Une adolescente de 15 ans qui a fui El Fasher, a survécu au massacre d’environ 25 personnes uniquement car elle s’était présentée comme étant à moitié arabe et avait menti en affirmant que son père faisait partie des FSR. Elle a été témoin de l’exécution d’hommes et de garçons, du meurtre de femmes qui résistaient au viol et de la mort par balles de jeunes enfants. « J’ai tout vu, a-t-elle témoigné. Je suis la seule survivante. »
Ils m’ont ligoté et frappé avec des bâtons et la crosse d’un AK-47. Ensuite, l’un d’eux s’est approché à dos de dromadaire et a dit : “C’est un fils de falangay” […] puis il m’a tiré dans la jambe.
Le nettoyage ethnique de la minorité des Zaghawas
Dans la région d’Abu Zerega, ville située à 35km d’El Fasher, la destruction par les FSR de villages majoritairement peuplés de Zaghawas relève du nettoyage ethnique selon les conclusions des chercheur·euses d’Amnesty International. Les FSR se sont emparés des villages avant de les brûler afin de s’assurer que les habitant·es ne puissent plus y revenir.
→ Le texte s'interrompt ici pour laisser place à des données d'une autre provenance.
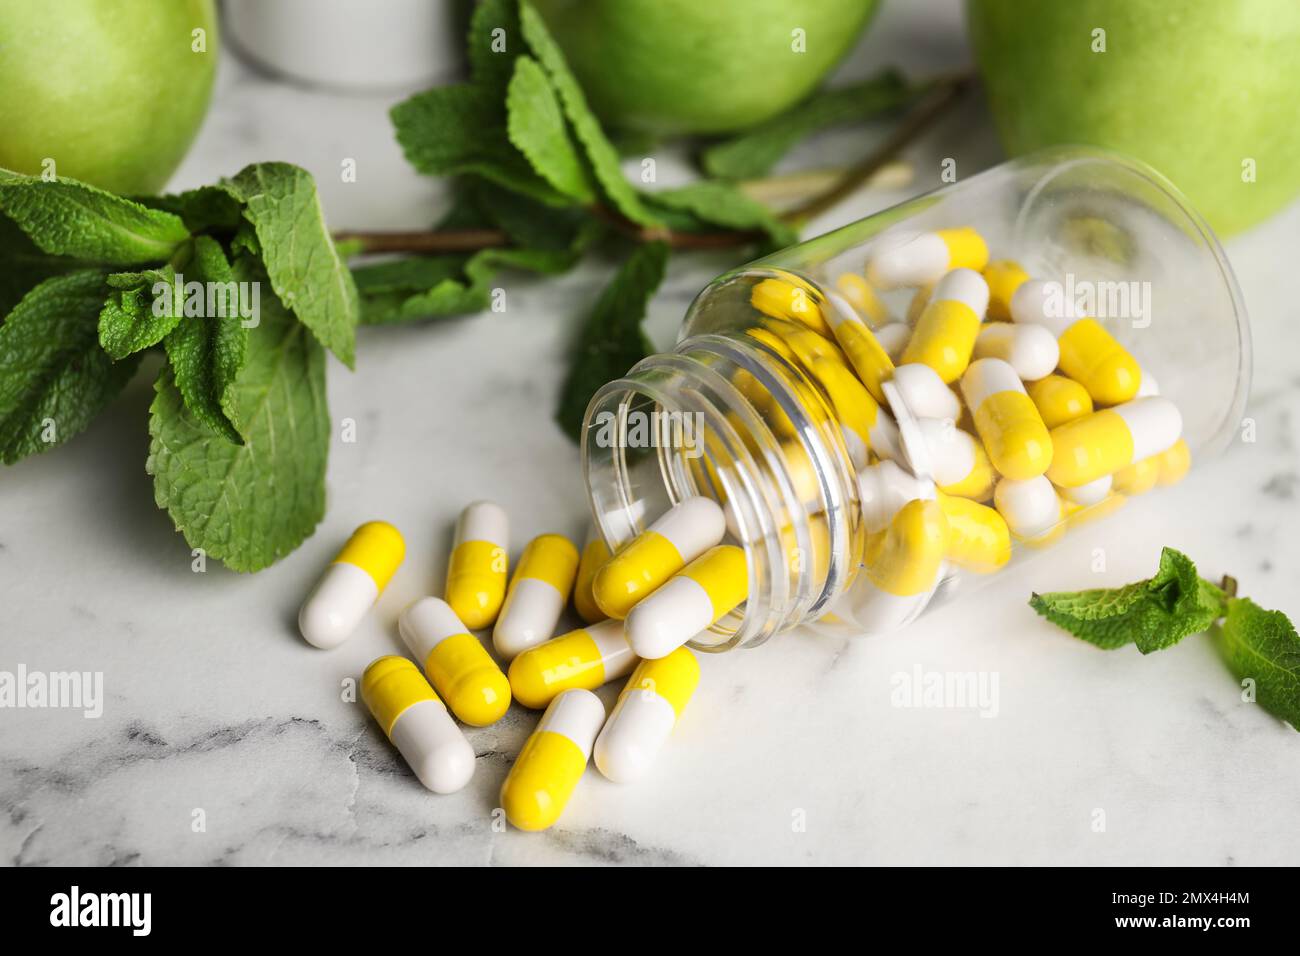 Bouteille avec des pilules de vitamines, des pommes et de la menthe sur une table en marbre blanc Banque D'Images

Nos chercheur·euses enquêtent actuellement sur un potentiel crime de génocide au Soudan.
Détention illégale et prise d’otages
De nombreux enfants ont été enlevés et détenus illégalement par les FSR. Ils n’étaient quasiment pas nourris et enfermés dans des pièces surpeuplées où les maladies se propageaient facilement. Des centaines de détenus sont morts de déshydratation ou de maladie.
Les FSR ont souvent filmé les exactions commises contre les personnes détenues afin de contraindre leurs proches à payer pour leur libération. Beaucoup de personnes dont les familles n’avaient aucune ressource ont été assassinées.
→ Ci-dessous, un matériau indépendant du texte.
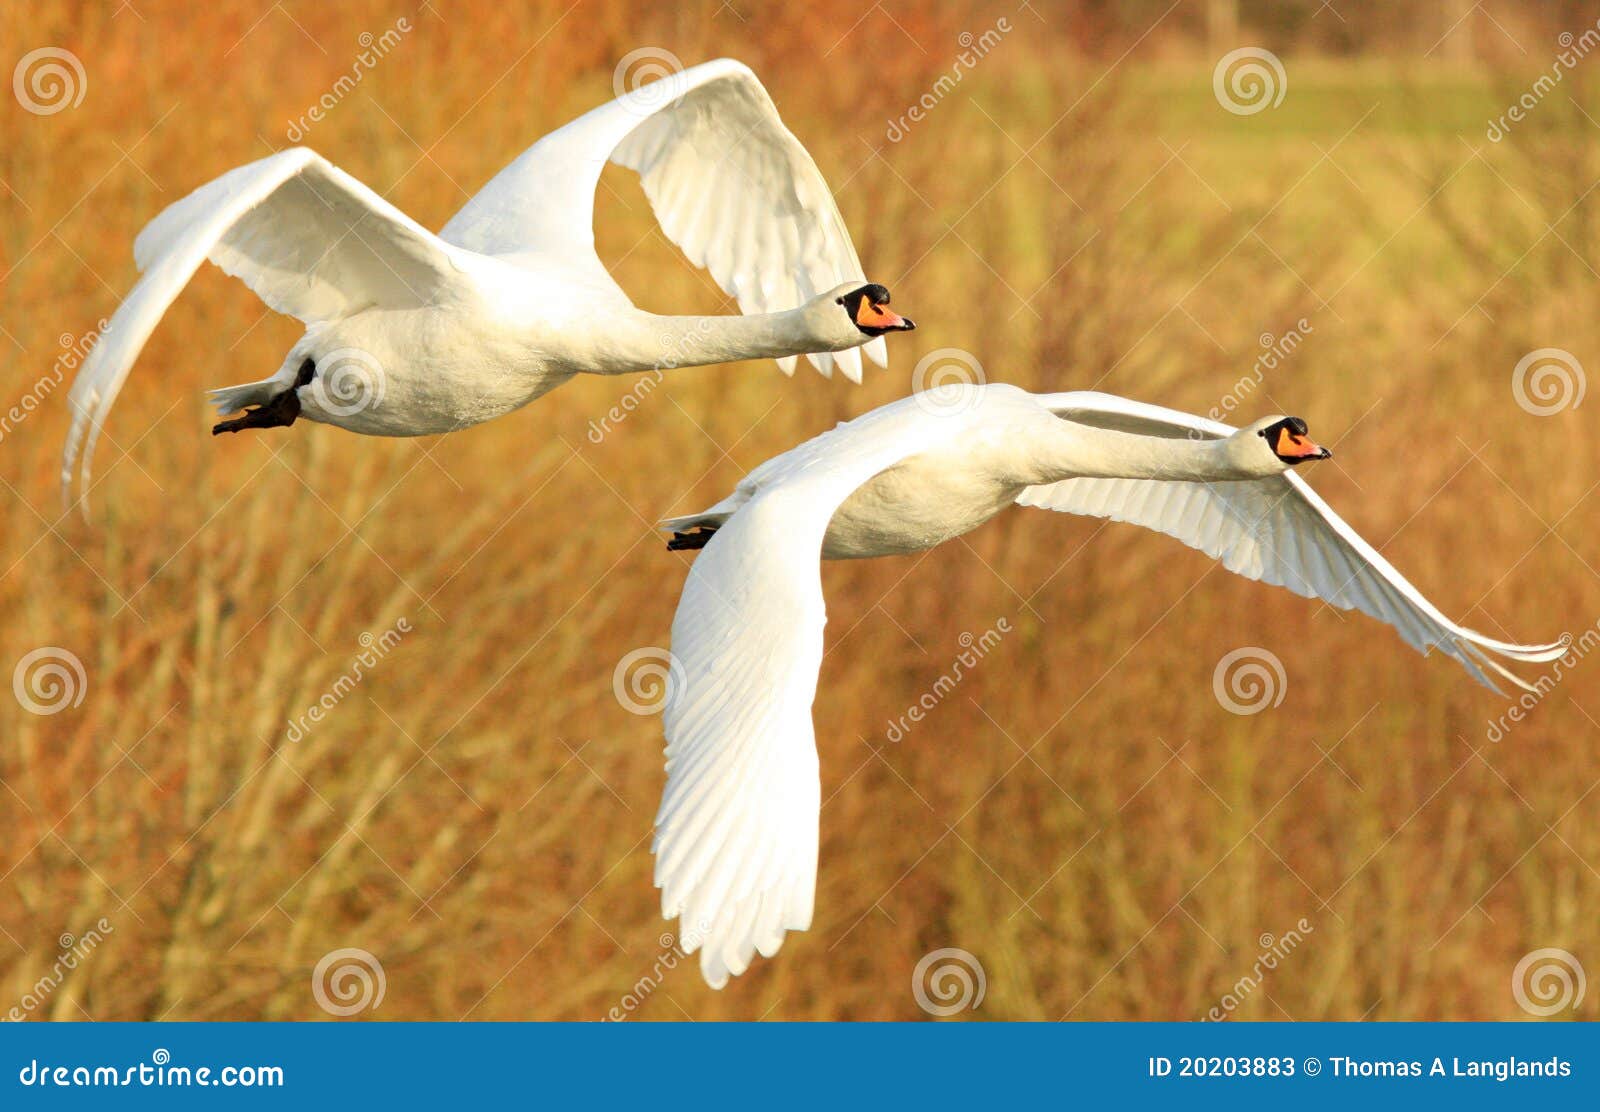 mute swans in flight

D’abord [les FSR] leur ont demandé : “C’est quoi votre métier ?” [Mes frères ont répondu :] “On ne travaille pas, on n’a pas d’argent et personne pour nous donner de l’argent”.
L’enrôlement des garçons mineurs dans les forces armées
De nombreux garçons, généralement issus de groupes non arabes, ont été enlevés au cours d’attaques. Les FSR les ont enrôlés de force pour qu’ils combattent aux côtés des FSR ou qu’ils effectuent d’autres tâches comme la surveillance de troupeaux ou de l’espionnage.
Ils m’ont dit de tirer. J’ai tiré […] Je suis retourné à la voiture et je me suis caché […] J’avais tellement peur.
Les responsables de graves violations du droit international
Nos équipes ont collecté assez d’éléments de preuve pour identifier clairement trois auteurs de graves crimes internationaux à El Fasher. Ils doivent être traduits devant la justice internationale :
- Le général de division Gedo Hamdan Ahmed Mohamed, dit « Abu Shouk » pour participation à des actes de torture.
- Le lieutenant-colonel Abbas Khater Bakhit pour ses ordres répétés de torture sur les personnes détenues.
- Le commandant des FSR Al Fateh Abdullah Idris, plus connu sous le nom d’ »Abu Lulu » pour les exécutions sommaires de civils détenus au cours d’un massacre de personnes qui tentaient de fuir El Fasher.
Nos demandes
- Un cessez-le-feu dans tout le Soudan doit être obtenu par la communauté internationale pour mettre immédiatement fin aux souffrances des populations civiles.
- Une force de protection internationale doit être déployée dans le Soudan pour protéger les populations, notamment les enfants.
- Un embargo sur les armes doit s’appliquer à tout le Soudan, et non seulement au Nord Darfour comme c’est le cas actuellement.
- Les Etats doivent cesser d’approvisionner les pays qui arment le Soudan comme les Emirats arabes unis.
- La communauté internationale doit soutenir les mécanismes de justice internationale, comme la Cour pénale internationale, pour lutter contre l’impunité au Soudan.